Shamans and Development Experts

Robert Wright writes in his fascinating book, The Evolution of God:

There is in the world today a great and mysterious force that shapes the fortunes of millions of people…There are people who claim to have special insights into this force…Most of them have often been wrong about the future, and many of them have been wrong most of the time. In fact, it’s not clear their advice is worth anything at all…Nonetheless, {they} have a profitable line of work... Why? Because whenever people sense the presence of a puzzling and momentous force, they want to believe there is a way to comprehend it. If you can convince them that you’re the key to comprehension, you can reach great stature.

 Wright is not  talking about religion, but about stockbrokers and the stock market. Wright correctly points out that much research demonstrates that stockbrokers do NO better than you and me at beating the stock market. Yet we pay stockbrokers.

Wright then discusses shamans in hunter-gatherer societies, which meet a similar demand – somebody who claims to be able to influence the vast uncertainties of hunting failures, weather, and disease, which makes hunter-gatherers feel better. To Wright, stockbrokers meet the same religious need as shamans.

 With both shamans and stockbrokers, it helps a lot that we humans are really bad at distinguishing pure randomness from real accomplishment (as this blog is fond of pointing out).

 There is always one shaman/stockbroker who is performing above average due to sheer luck. We refuse to accept that it’s pure luck and we are drawn to this shaman/stockbroker. Then he (it’s usually a he) reverts to average. Again, we refuse to believe this is random, we say that he has now lost his touch and we switch to following the new above-average champion. So our general faith in the power of shamans/stockbrokers remains intact.

Some of you have guessed where I am going with this. Development experts are a lot like stockbrokers. To get specific, development experts offer the hope that their expertise will raise a country’s growth rate, despite the lack of ANY clear empirical evidence that they know how to raise a country’s growth rate.

 Few can accept the current consensus of the empirical growth and development literature -- that we know something about what works in the long run for development (institutions, human capital, etc.) but virtually nothing about how to raise growth in the short to medium run. As Abhijit Banerjee puts it:

it is not clear that the best way to get growth is to do growth policy of any form. Perhaps making growth happen is ultimately beyond our control. Maybe all that happens is that something goes right for once (privatized agriculture raises incomes in rural China) and then that sparks growth somewhere else in the economy, and so on. Perhaps we will never learn where it will start or what will make it continue. (In new book edited by Jessica Cohen and I, “What works in development: thinking big and thinking small”)

 Yet the demand for development experts is as intense as ever. For example, the World Bank spent $4 million on an expert-laden Growth Commission to raise growth, issuing a report in 2008, with this finding:

It is hard to know how the economy will respond to a policy, and the right answer in the present moment may not apply in the future.

Despite the possibly limited utility of this breakthrough,  the World Bank Growth Commission is now being emulated elsewhere.  The UK Department for International Development just spent £37 million on assembling academic experts into a new International Growth Centre (IGC) that will promote “sustainable growth in developing countries by providing demand-led policy advice based on frontier research.”

Relentless demand for growth experts despite lack of evidence for growth expertise may have a faith-based component, just like the demand for shamans and stockbrokers.

 Maybe I shouldn’t spend so much time mocking the “growth experts” who claim to know something they don’t (especially the day after being named one of the Top 100 Global Thinkers for being a “growth expert”).  Maybe I should just accept that people are going to keep listening to shamans on growth and development, and maybe shamans could even play a useful role. How to make sure that those shamans at the very least, do no harm, and maybe even recommend sensible things?

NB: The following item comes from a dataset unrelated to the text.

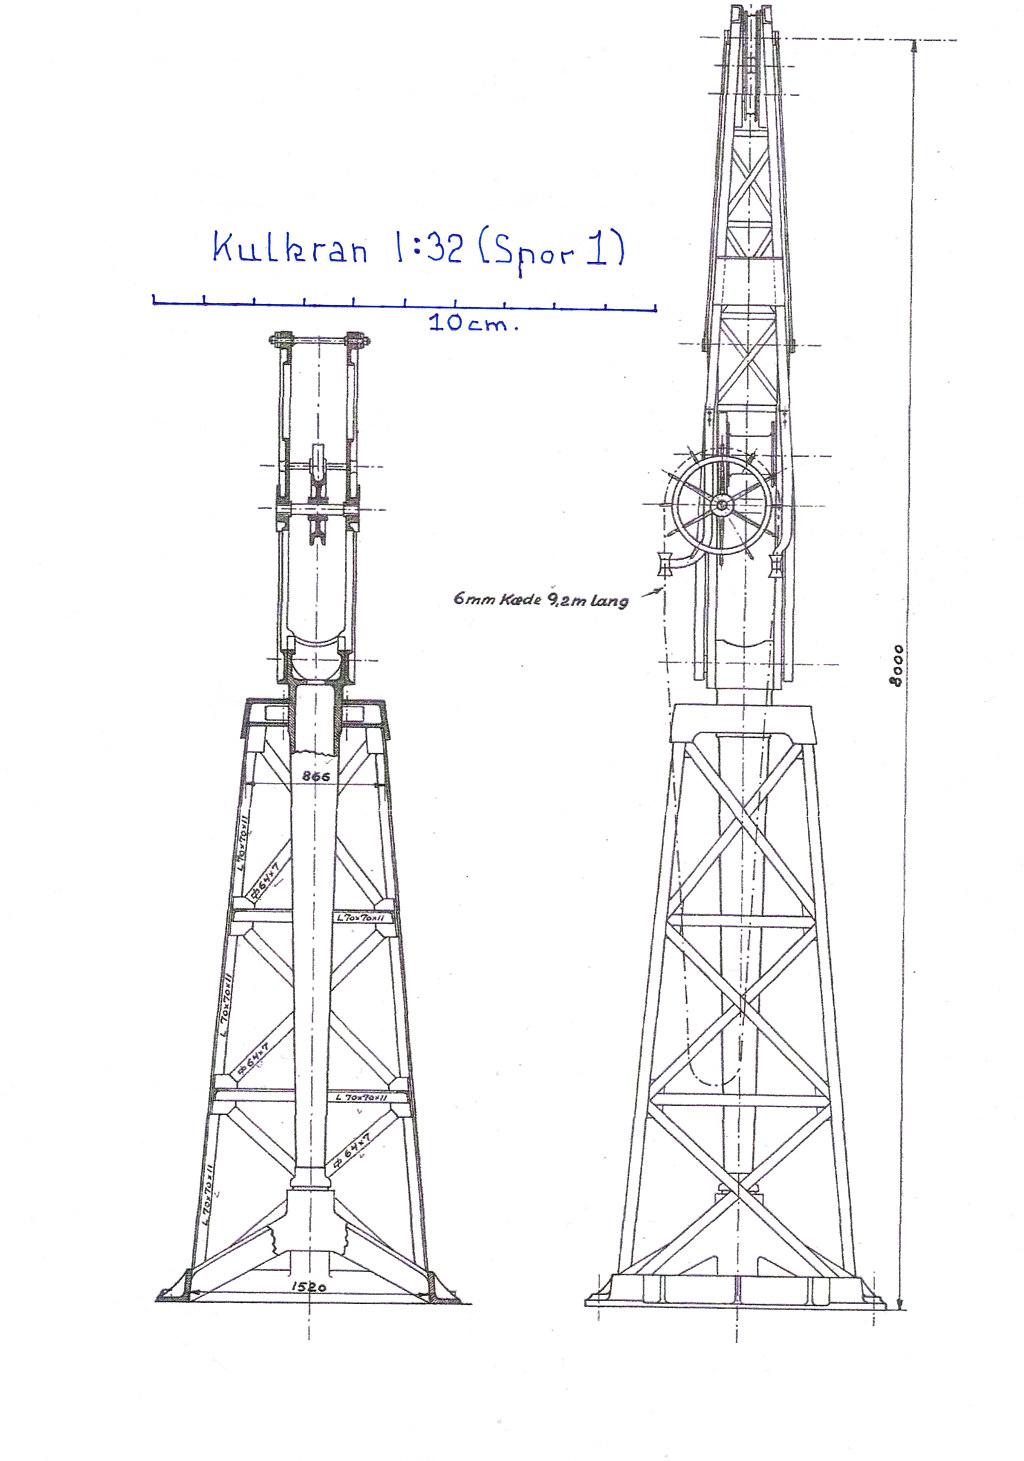 DSB Kulkran

 First, select the shamans on academic merit. Second, such quality academics should stick to their guns that nobody should waste time on experts directing growth from the top based on expert knowledge that does not exist. Such a top-down expert approach would actually do harm in unintentionally strengthening authoritarian and excessively statist approaches. The development shamans could still perform inspirational religious rituals as long as they don't actually affect anything.  Third, there are still plenty of useful things that academics can say about more specialized areas, such as health, financial regulation, macroeconomic management, education, clean water, and agriculture.

Indeed, the DFID International Growth Centre assembled a jaw-dropping list of stellar academic economists, fulfilling requirement (1). On (2) and (3), what seems to be going on at IGC is “bait and switch.” A few at the top spuriously promise the ability to raise growth, while the quality academics just get on with applying their specialized knowledge to specialized problems. At least there are good economists saying good things at the bottom.

Let’s hope that the power is shifting from the development shamans, who should be reassuring but powerless, to useful economists with useful knowledge.